Convicted knife carriers would also have to meet families of knife crime victims and people imprisoned for knife crime.

The plans have been criticised by criminal justice experts and the families of victims, who say they would have little effect.

"Generally speaking, the evidence from shock tactics of trying to show offenders some shocking possible consequences of their own behaviour is not good," former Youth Justice Board Chairman Rod Morgan told the Daily Telegraph.

The father of Damilola Taylor, the 10-year-old stabbed to death in south London in 2000, told the same paper he was "fed up with all these killings."

"We never expected there to be another stabbing after Damilola. We want to support the government to be tougher," said Richard Taylor.

Police say knife crime is their biggest priority, although they deny it has become an "epidemic".

Alf Hitchcock, the government's newly appointed "knife tsar", said stab injuries were more severe and were being committed by younger offenders.

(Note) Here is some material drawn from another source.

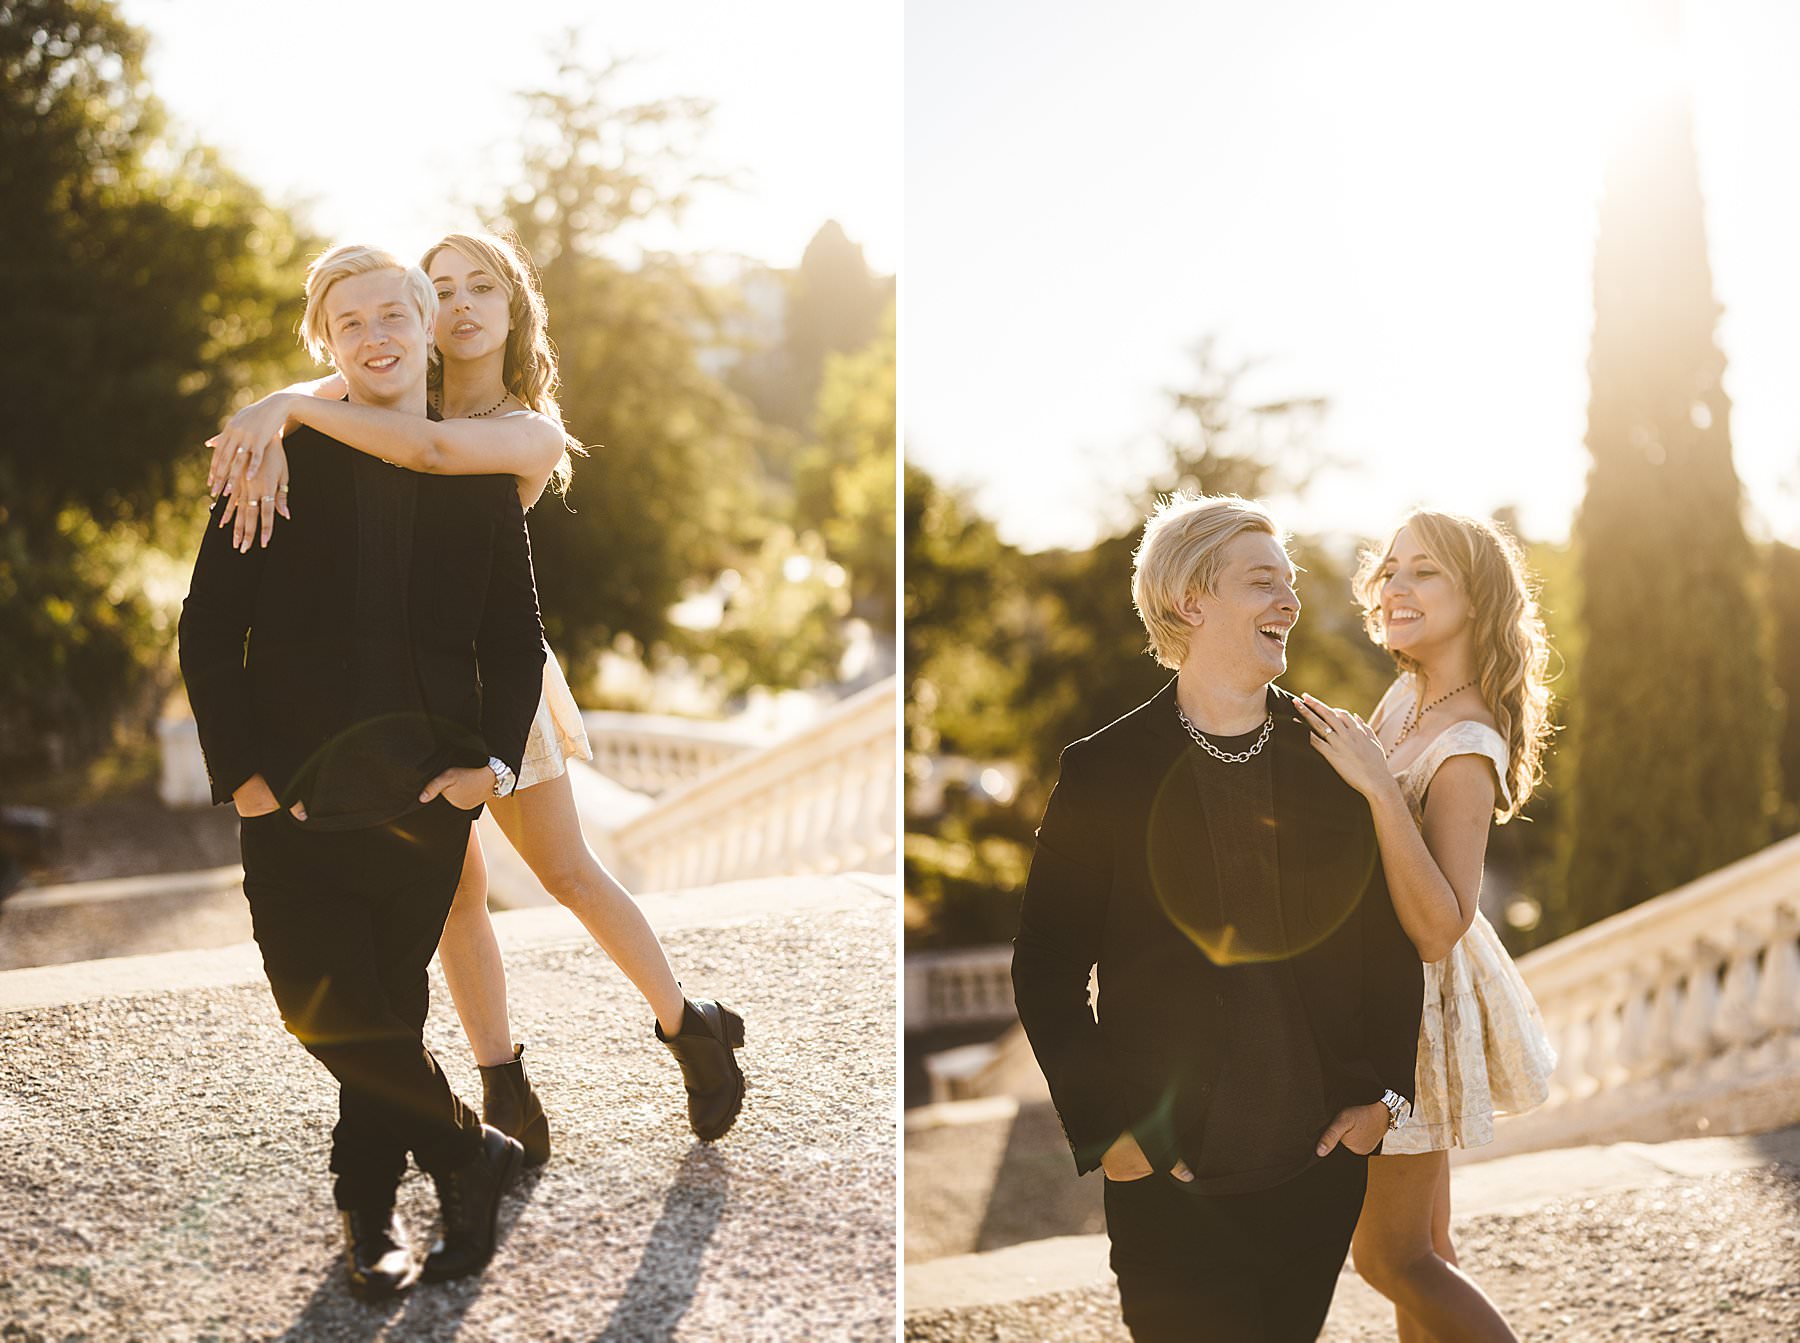 Lovely engagement couple portrait photo shoot in Florence, Italy

"The age profile has gone from people in their late teens and early twenties to being mid-teens in terms of both perpetrators and victims and that's a very worrying trend," he told BBC television.

Smith has appointed Hitchcock, a Scotland Yard deputy assistant commissioner, to lead a national anti-knife crime programme focused on eight "hotspot" areas of the country.

Conservative Shadow Home Secretary Dominic Grieve told BBC television that long-term solutions are needed.

"We have to tackle the root of why it is that you have 9, 10, and 11-year-olds going out on our streets who have a chilling attitude to violence that appears to have already been brought into their lives when they were very little.

"Unless we can tackle that, then we are going to continue to have higher and higher incidence of violence on our streets."